▽

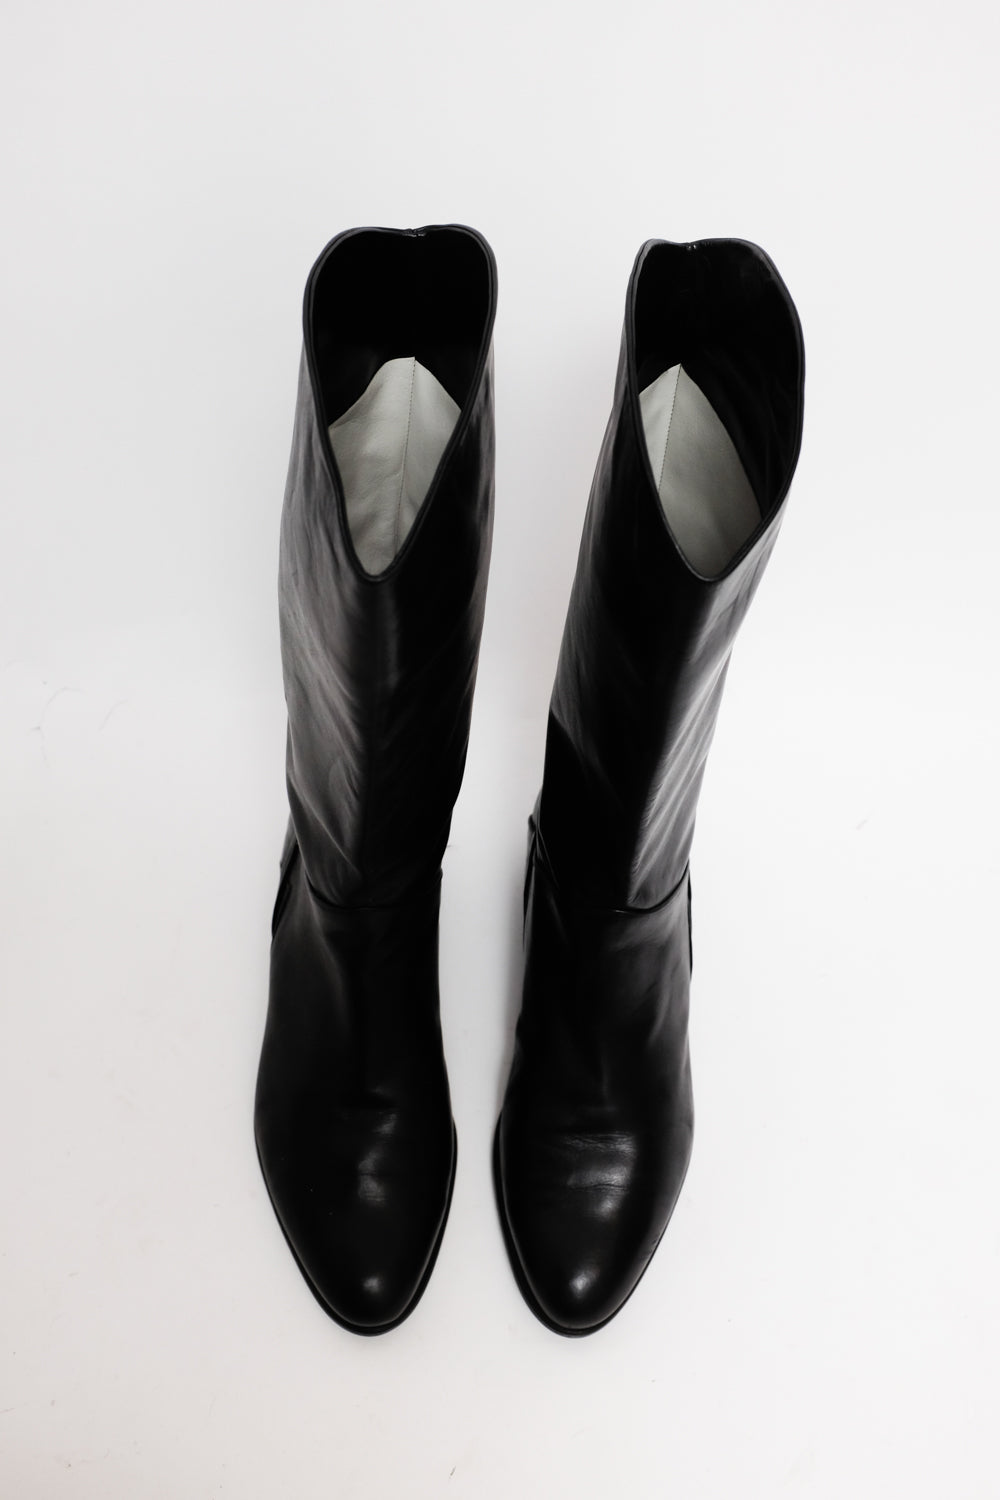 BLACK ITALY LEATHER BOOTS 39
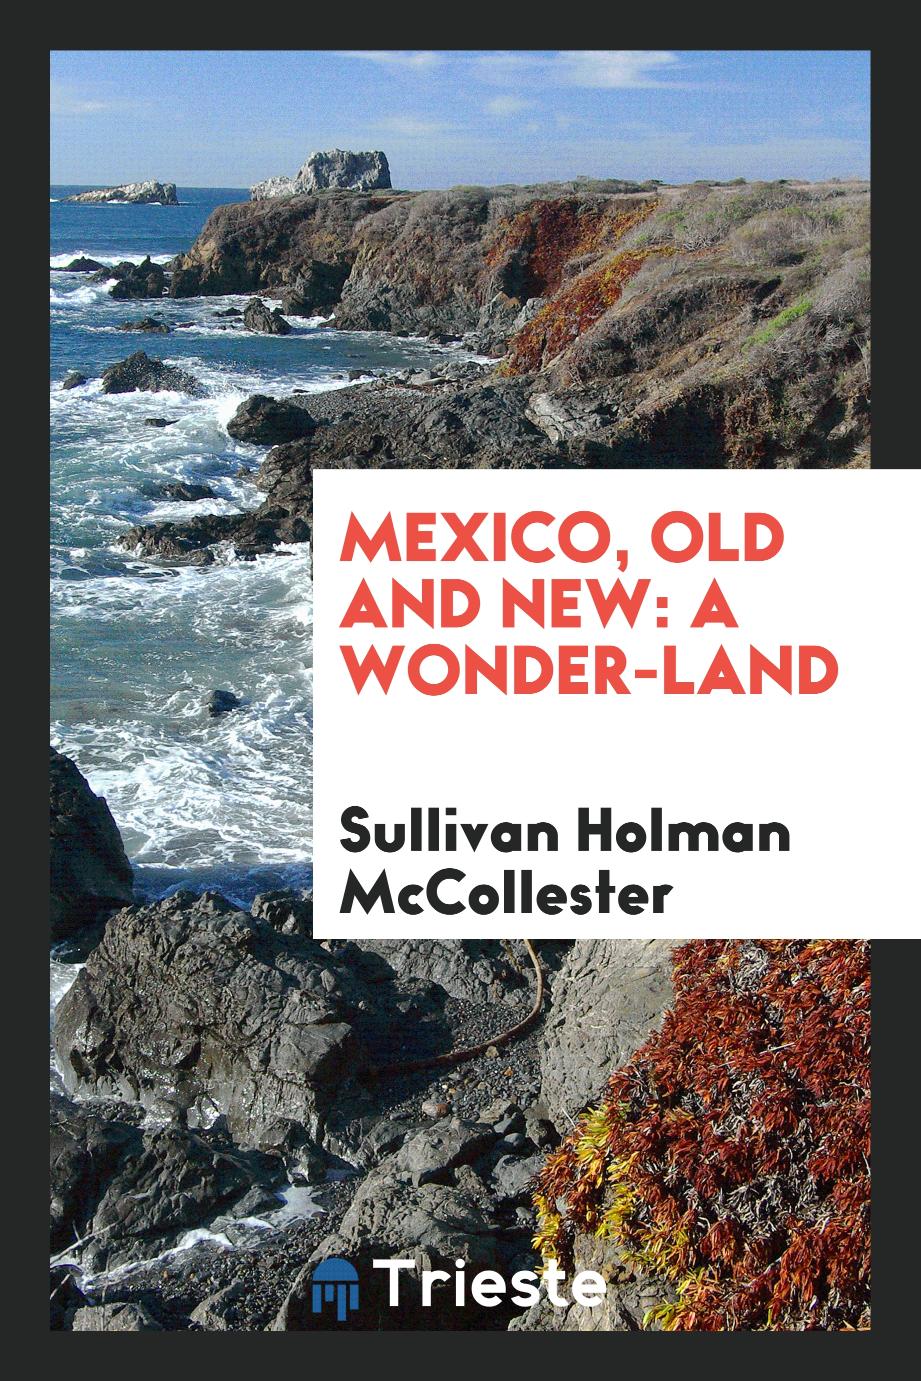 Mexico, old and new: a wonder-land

△
▽

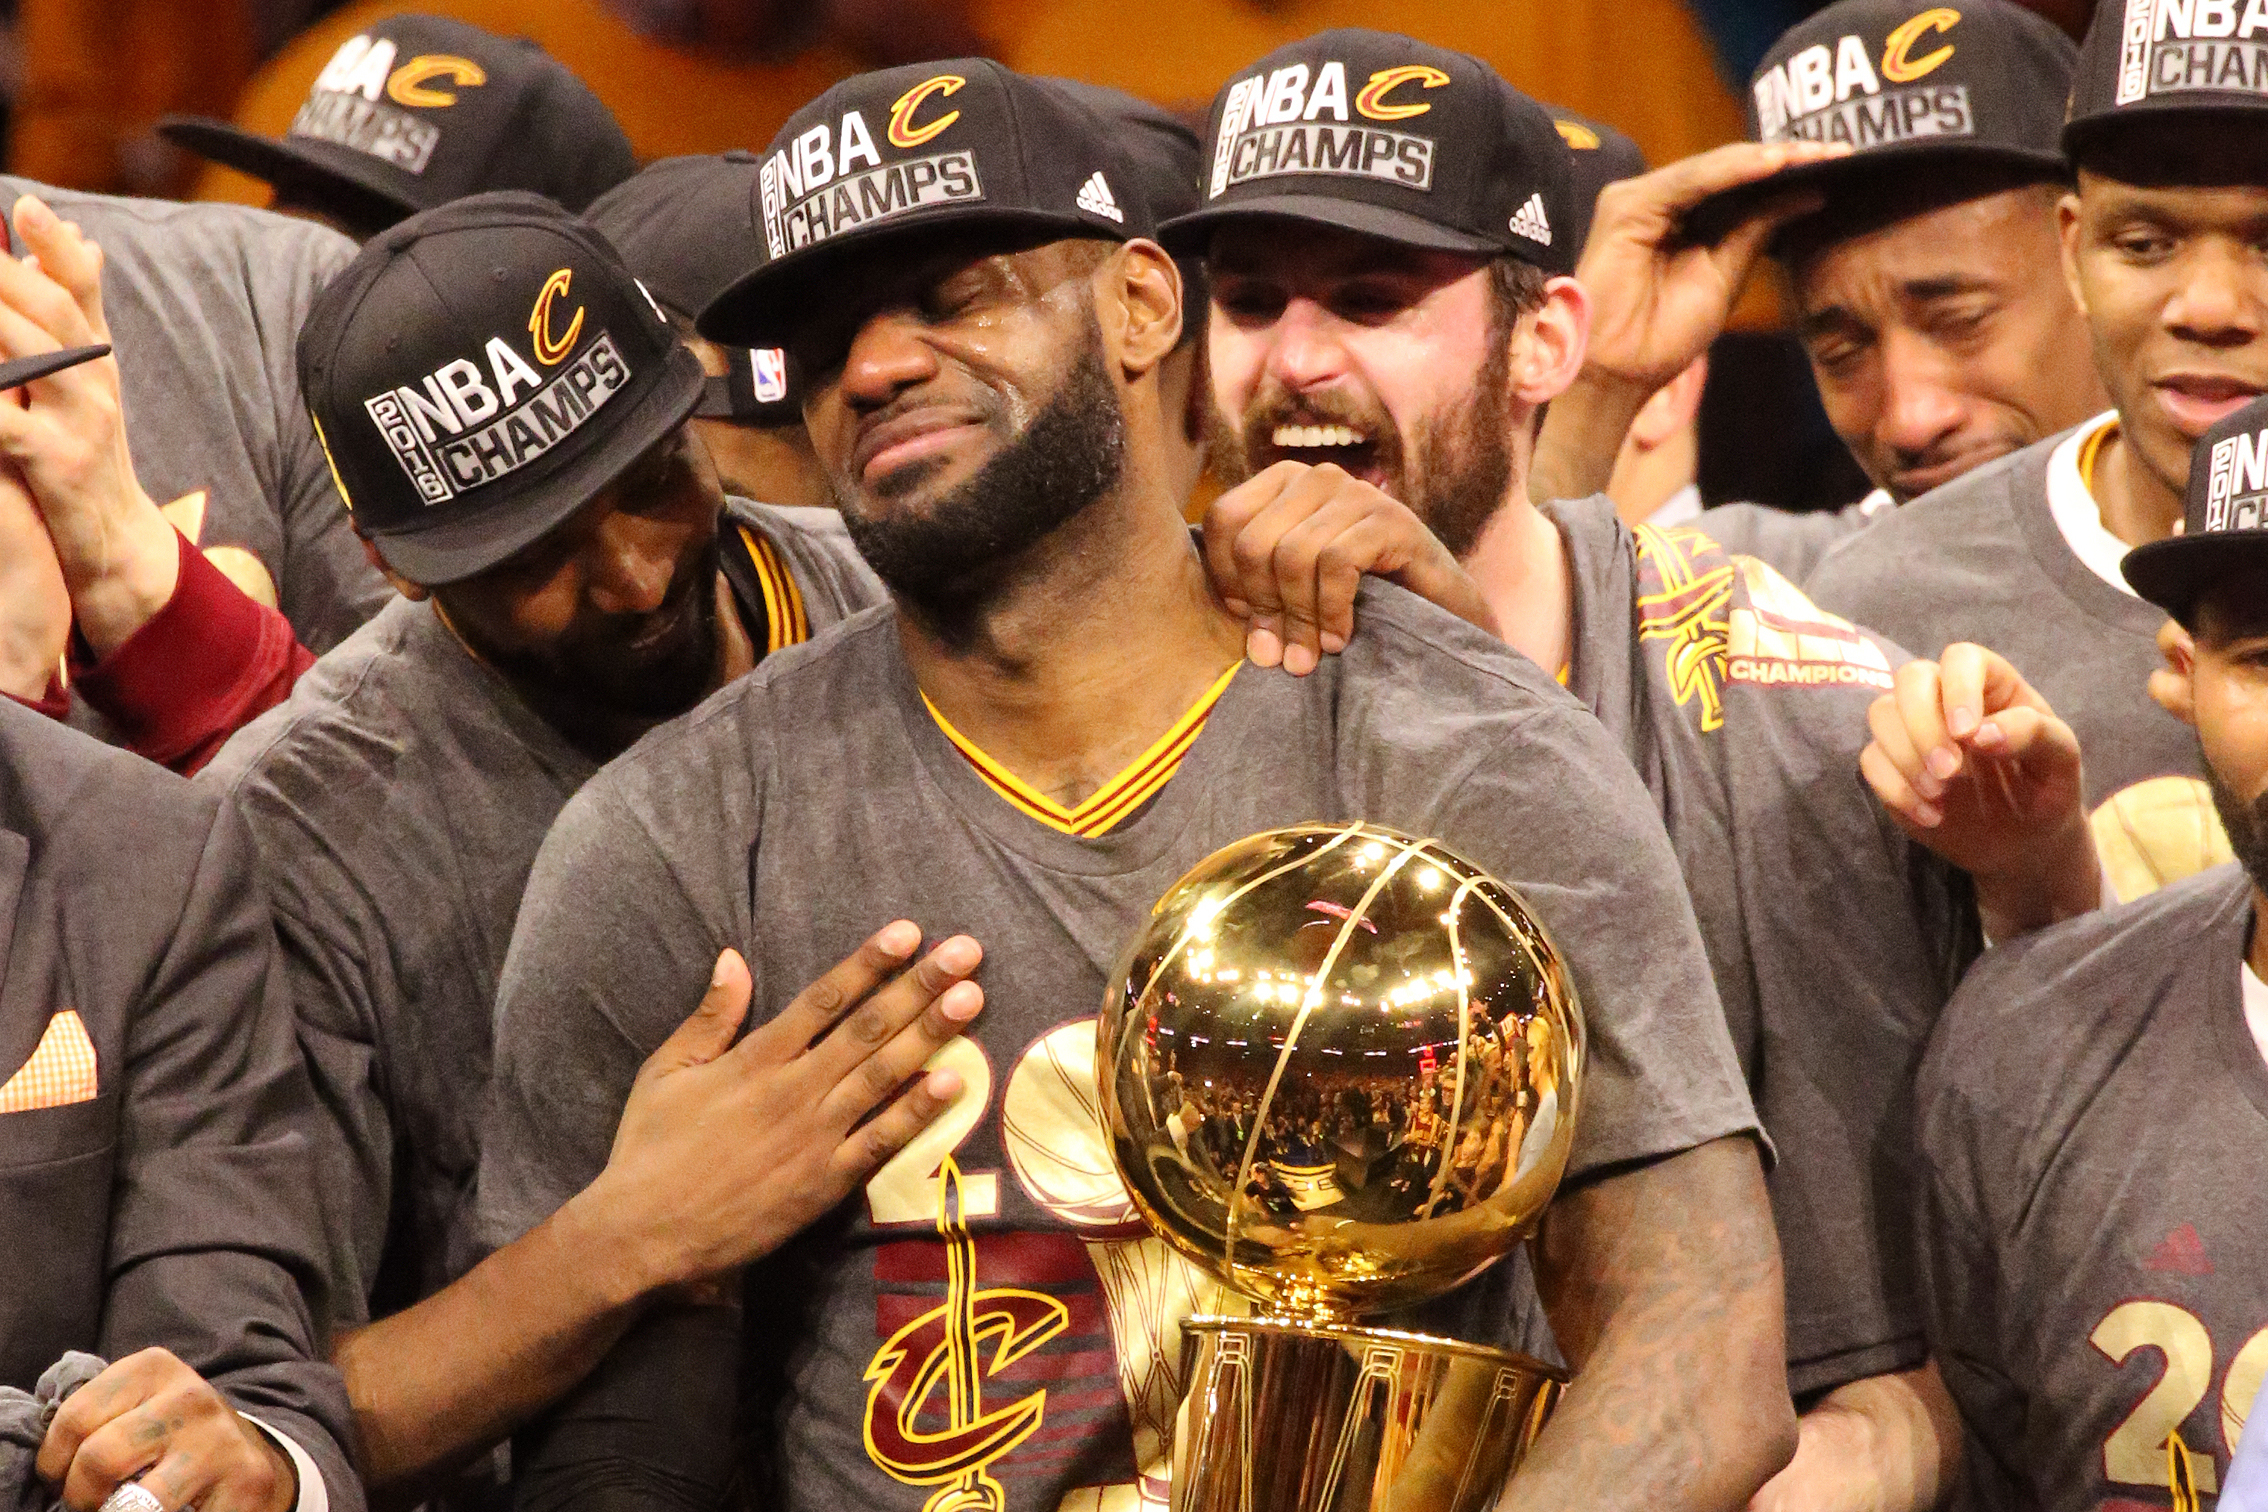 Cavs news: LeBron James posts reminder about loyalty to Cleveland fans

△
▽

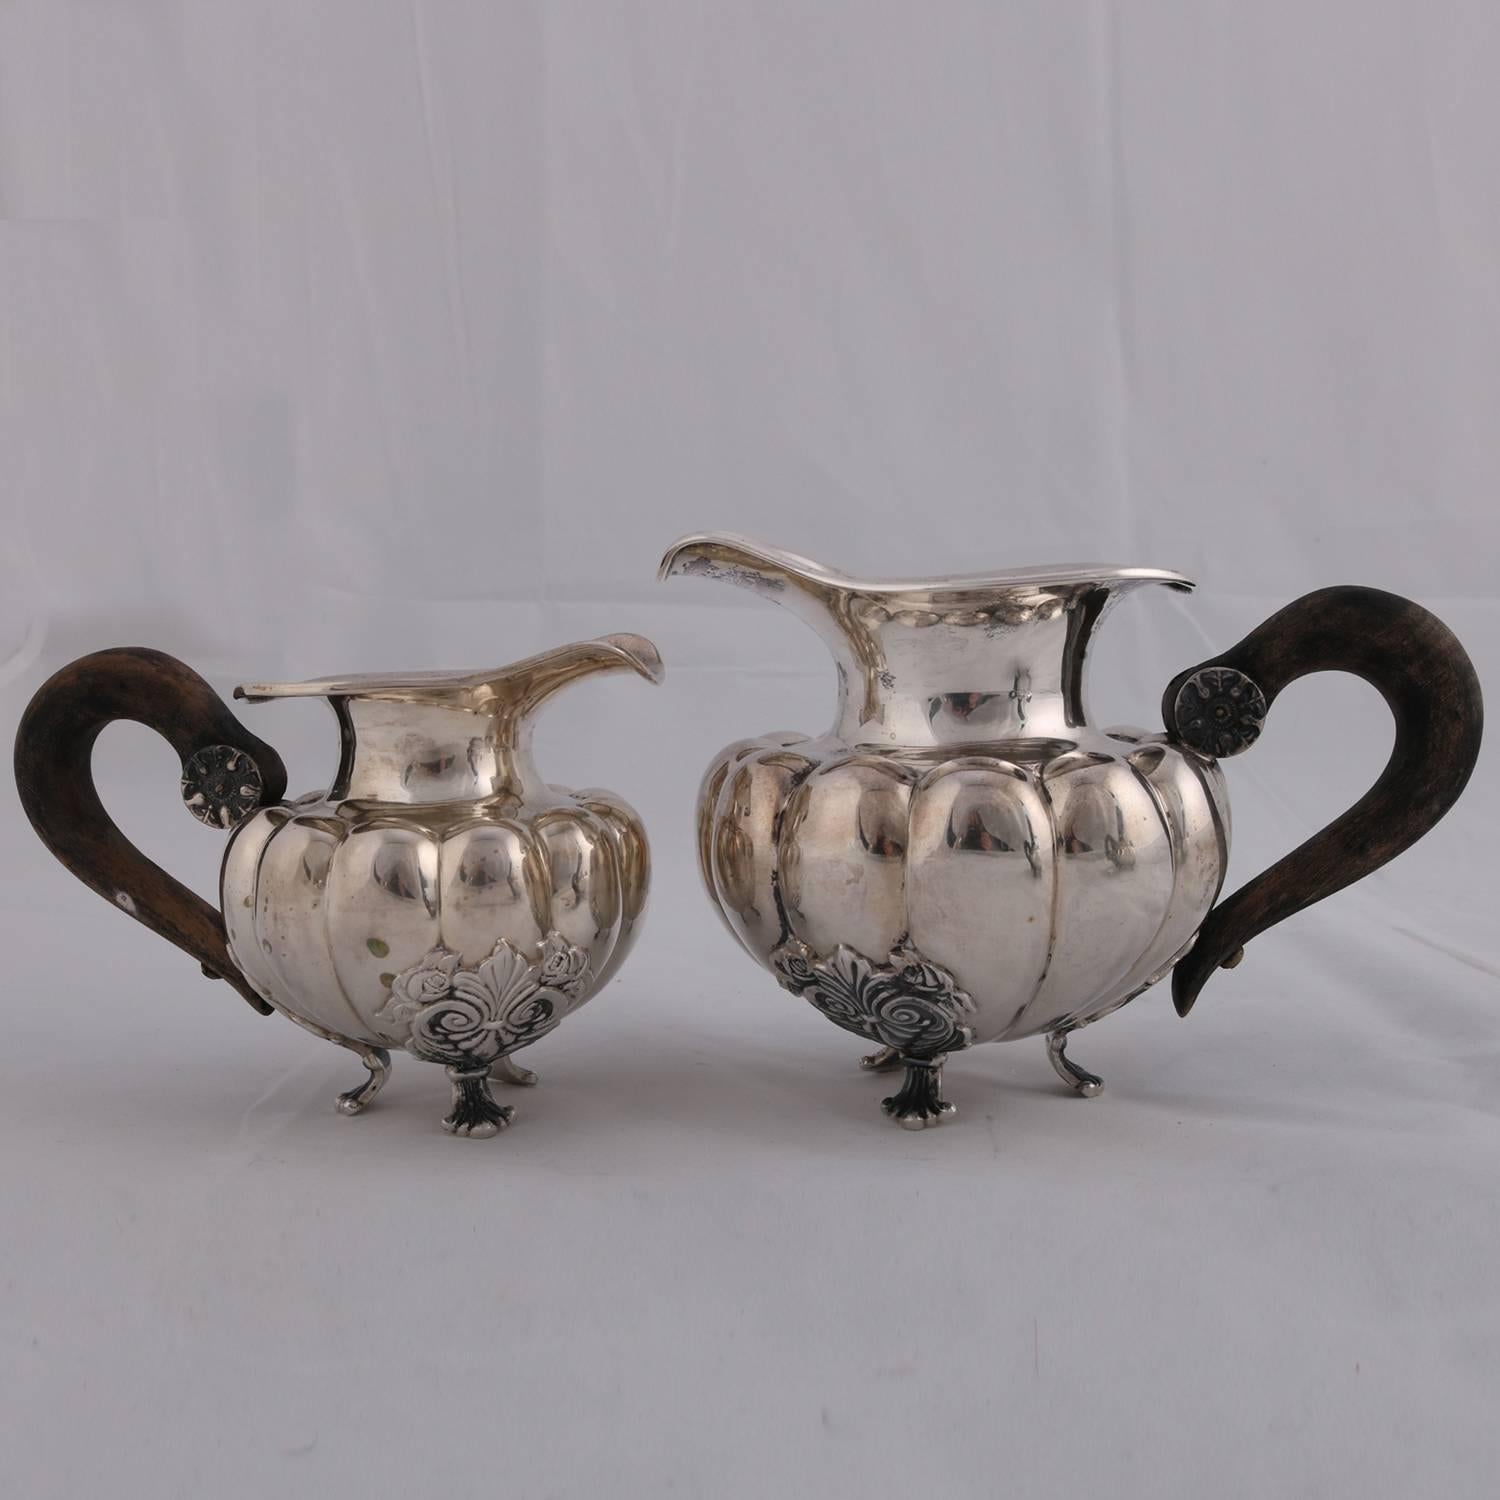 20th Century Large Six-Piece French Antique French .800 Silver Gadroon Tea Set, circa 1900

△

## [EXERCISE AIM]
Print exactly the lines above that run from the one with "BLACK ITALY LEATHER BOOTS 39" down to the one with "Mexico, old and new: a wonder-land", and omit the pictures.

## [YOUR RESPONSE]
 BLACK ITALY LEATHER BOOTS 39
 Mexico, old and new: a wonder-land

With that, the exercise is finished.